Cross-origin resource sharing (CORS) is a standard cross-origin solution provided by HTML5 to allow web application servers to control cross-origin access and secure cross-origin data transmission.

Usage notes

  • In this topic, the public endpoint of the China (Hangzhou) region is used. If you want to access OSS by using other Alibaba Cloud services in the same region as OSS, use an internal endpoint. For more information about the regions and endpoints supported by OSS, see Regions and endpoints.

  • In this topic, an OSSClient instance is created by using an OSS endpoint. If you want to create an OSSClient instance by using custom domain names or Security Token Service (STS), see Initialization.

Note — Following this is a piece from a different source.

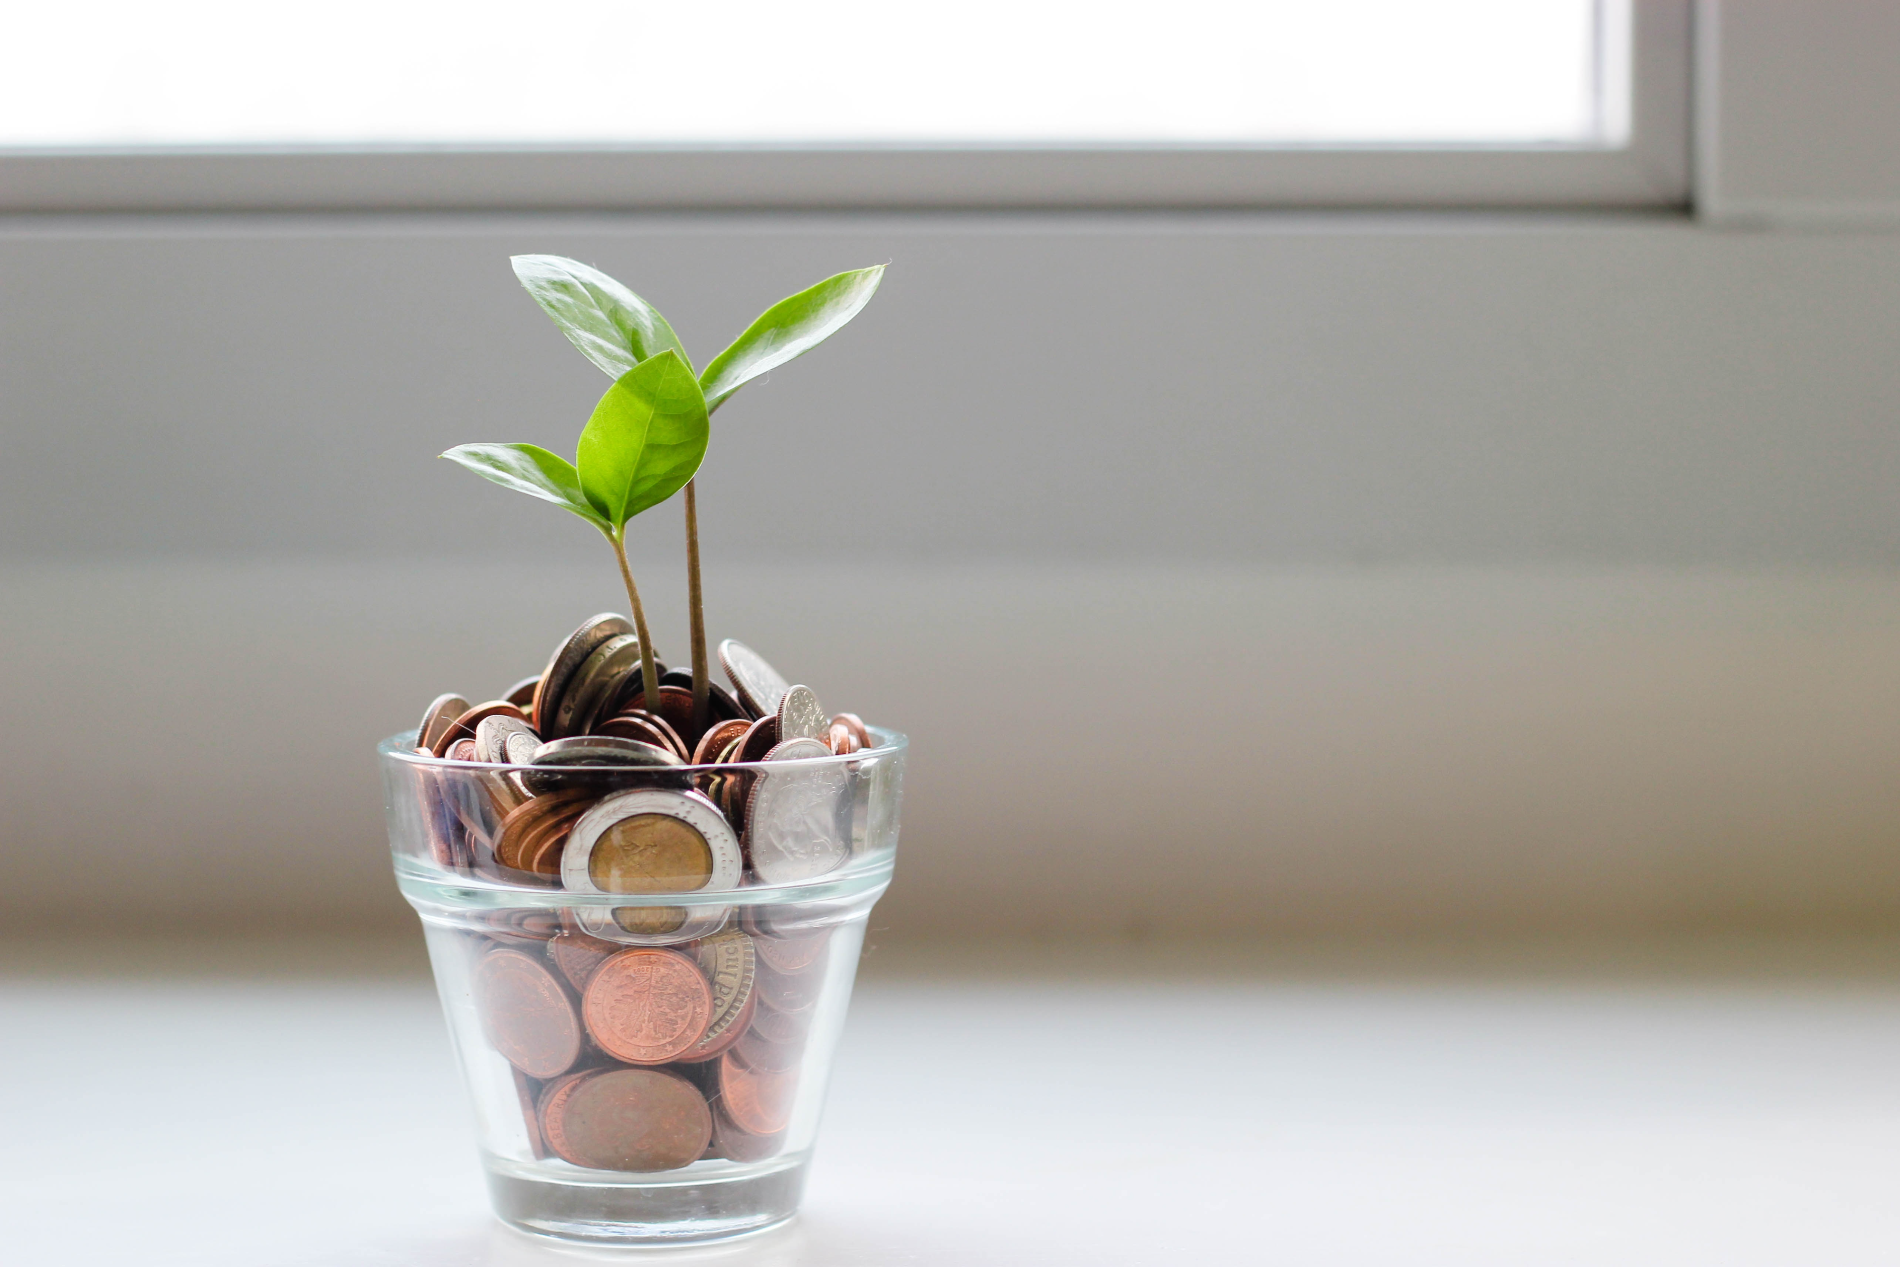 Imagem de um pote com moedas dentro, em cima das moedas um pequeno ramo de folhas cresce, representando "prosperidade". Foto usada para ilustrar o artigo de como ganhar dinheiro com apostas esportivas

  • To configure CORS rules, you must have the oss:PutBucketCors permission. To query CORS rules, you must have the oss:GetBucketCors permission. To delete CORS rules, you must have the oss:DeleteBucketCors permission. For more information, see Attach a custom policy to a RAM user.

Configure CORS rules

The following sample code provides an example on how to configure CORS rules for a specific bucket:

using Aliyun.OSS;
using Aliyun.OSS.Common;

// Specify the endpoint of the region in which the bucket is located. For example, if the bucket is located in the China (Hangzhou) region, set the endpoint to https://oss-cn-hangzhou.aliyuncs.com. 
var endpoint = "https://oss-cn-hangzhou.aliyuncs.com";
// Obtain access credentials from environment variables. Before you run the sample code, make sure that the OSS_ACCESS_KEY_ID and OSS_ACCESS_KEY_SECRET environment variables are configured. 
var accessKeyId = Environment.GetEnvironmentVariable("OSS_ACCESS_KEY_ID");
var accessKeySecret = Environment.GetEnvironmentVariable("OSS_ACCESS_KEY_SECRET");
// Specify the name of the bucket. Example: examplebucket. 
var bucketName = "examplebucket";

// Create an OSSClient instance. 
var client = new OssClient(endpoint, accessKeyId, accessKeySecret);
try
{
    var request = new SetBucketCorsRequest(bucketName);
    var rule1 = new CORSRule();
    // Specify the origins from which cross-origin requests are allowed. 
    rule1.AddAllowedOrigin("http://example.com");
    // Specify the methods that can be used to send cross-origin requests, including GET, PUT, DELETE, POST, and HEAD. 
    rule1.AddAllowedMethod("POST");
    // AllowedHeaders and ExposeHeaders do not support wildcard characters. 
    rule1.AddAllowedHeader("*");
    // Specify the response headers for allowed access requests from applications. 
    rule1.AddExposeHeader("x-oss-test");
    // You can configure up to 10 CORS rules for a bucket. 
    request.AddCORSRule(rule1);
    var rule2 = new CORSRule();
    // You can use only one asterisk (*) as a wildcard character for AllowedOrigins and AllowedMethods in a CORS rule. The asterisk (*) wildcard character specifies that all origins or operations are allowed. 
    rule2.AddAllowedOrigin("http://example.net");
    rule2.AddAllowedMethod("GET");
    // Specify whether the headers that are specified by Access-Control-Request-Headers in the OPTIONS preflight request are allowed. 
    rule2.AddExposeHeader("x-oss-test2");
    // Specify the period of time in which the browser can cache the response for an OPTIONS preflight request for specific resources. Unit: seconds. 
    rule2.MaxAgeSeconds = 100;
    request.AddCORSRule(rule2);
    // Configure the CORS rules. 
    client.SetBucketCors(request);
    Console.WriteLine("Set bucket:{0} Cors succeeded ", bucketName);
}
catch (OssException ex)
{
    Console.WriteLine("Failed with error info: {0}; Error info: {1}. \nRequestID:{2}\tHostID:{3}",
        ex.ErrorCode, ex.Message, ex.RequestId, ex.HostId);
}
catch (Exception ex)
{
    Console.WriteLine("Failed with error info: {0}", ex.Message);
}

Query CORS rules

For the complete sample code that is used to query CORS rules, visit GitHub.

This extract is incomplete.